Now, as 2008 draws to a close, Sheehan is back on Broadway in Irving Berlin’s White Christmas, the screen-to-stage adaptation (with extra Berlin songs incorporated) that arrived at the Marquis Theatre after years of regional productions. Sheehan was in four of those productions: in 2005 in Los Angeles; 2006 in St. Paul, Minn.; last year, Boston; and even a one-week engagement during the hot summer of 2006 at St. Louis’ Muny.

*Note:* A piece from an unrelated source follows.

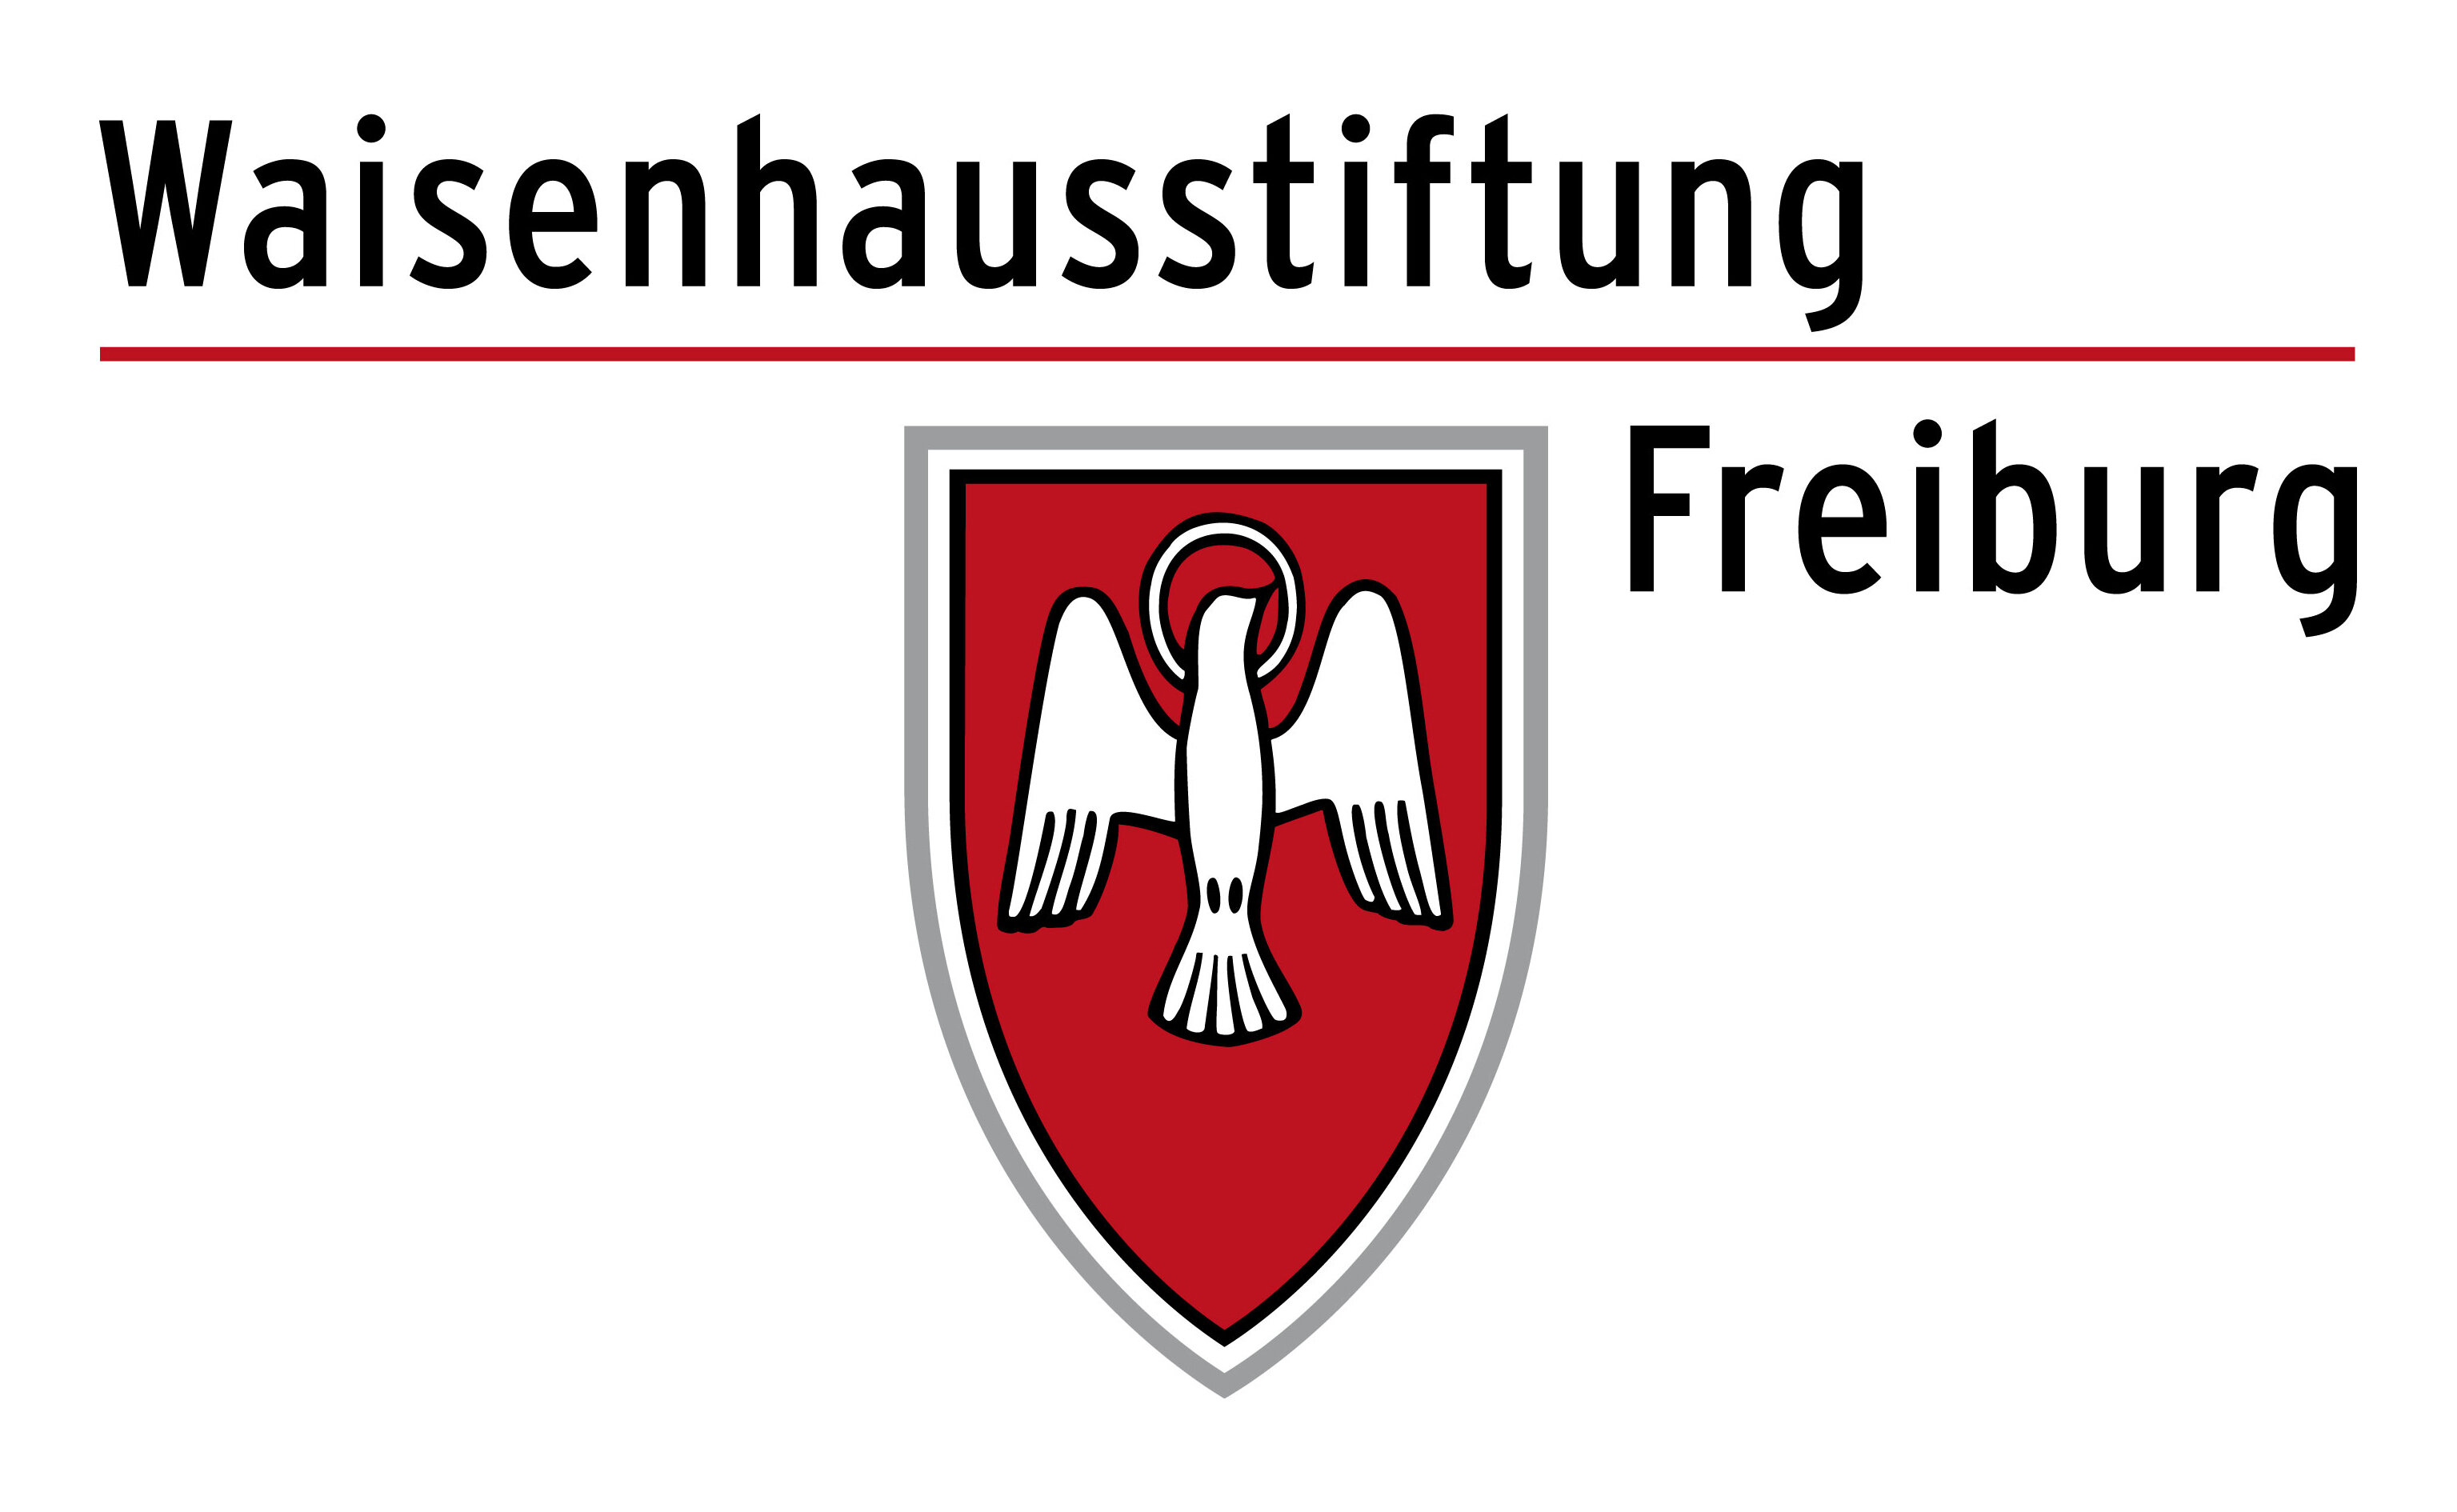 Waisenhausstiftung Freiburg
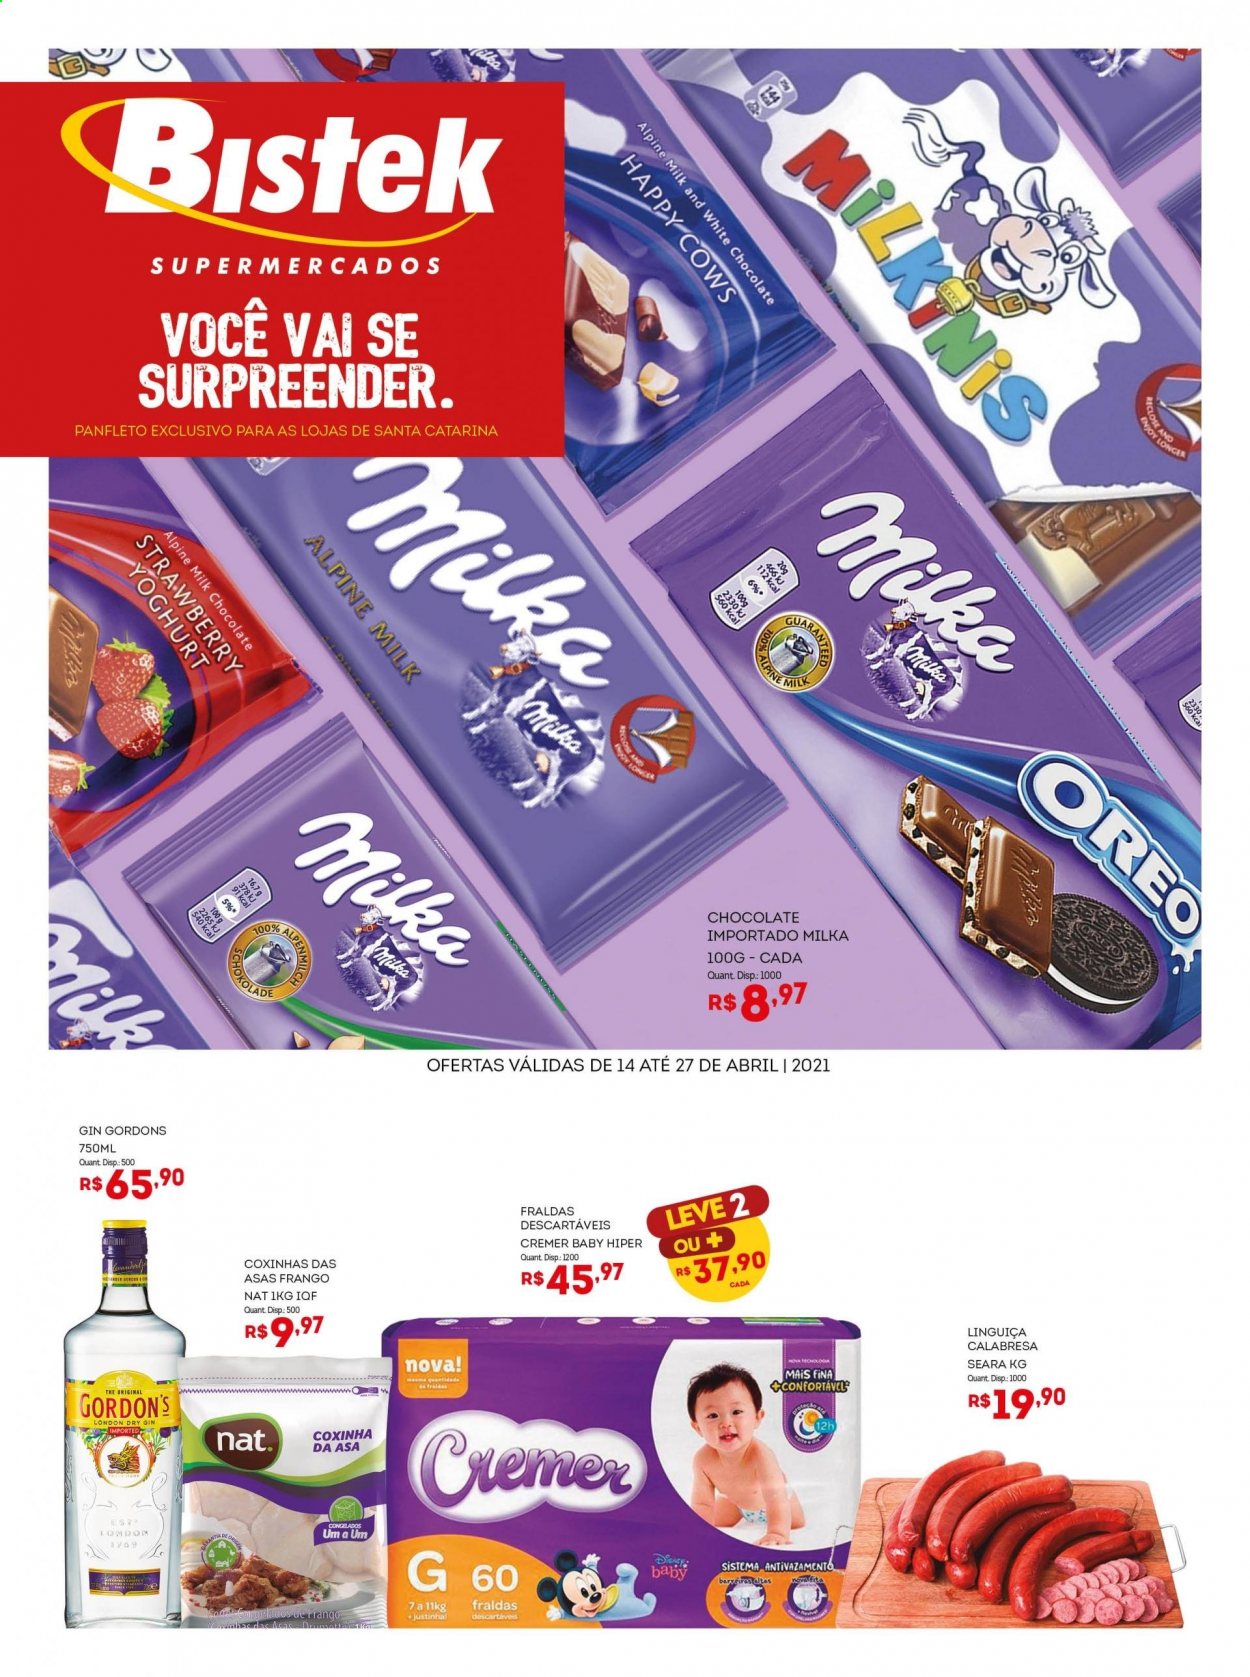 thumbnail - Folheto Bistek Supermercados - 14/04/2021 - 27/04/2021 - Produtos em promoção - asa de frango, linguiça, linguiça calabresa, Milka, Oreo, chocolate, gin, fralda descartável, fraldas. Página 1.

While most of the Broadway cast has previous White Christmas experience, Sheehan has the longest tenure with the show other than star Jeffry Denman (who’s been in it since it originated in San Francisco in 2004).
“This is definitely the most exciting year that we’ve had,” says Sheehan, “because of the parade, the big Broadway opening... And having a theater right in Times Square is so exciting. Pretty much everyone has family coming to New York and seeing the show. Sometimes when you’re out of town, they don’t necessarily want to travel to St. Paul or Detroit to come and see the show, but people always want to come to New York.”
Last Thursday, Sheehan and her castmates performed at the Macy’s Thanksgiving Day Parade; she’d also performed at the parade when she was in 42nd Street. Both 42nd Street and White Christmas—along with last spring’s No, No, Nanette at City Center Encores!, which Sheehan was also in—were choreographed by Randy Skinner, a master of old-timey tap shows.
“I absolutely adore him,” Sheehan says of Skinner. “He really researches the time period and stays true to it. He recognizes the different steps and the different style and the different energy that people had. People were into dancing for themselves—they weren’t doing it for fame, or TV or the camera. He really focuses on how they did it back then, and he’s always been considerate to the dancers on helping us look and sound our best.”
Tap is Sheehan’s favorite type of dance, and her forté, but it’s also an almost invisible art in contemporary musicals. White Christmas: set (and created) in 1954; 42nd Street: based on a 1933 film; No, No, Nanette: from the Roaring ’20s. “It’s really challenging,” Sheehan acknowledges, “to find a good old-fashioned American musical with tap dancing and very period pieces—big tap numbers, from the times where there were 30 to 40 dancers on stage. We really don’t have that anymore, and it’s very expensive to do.”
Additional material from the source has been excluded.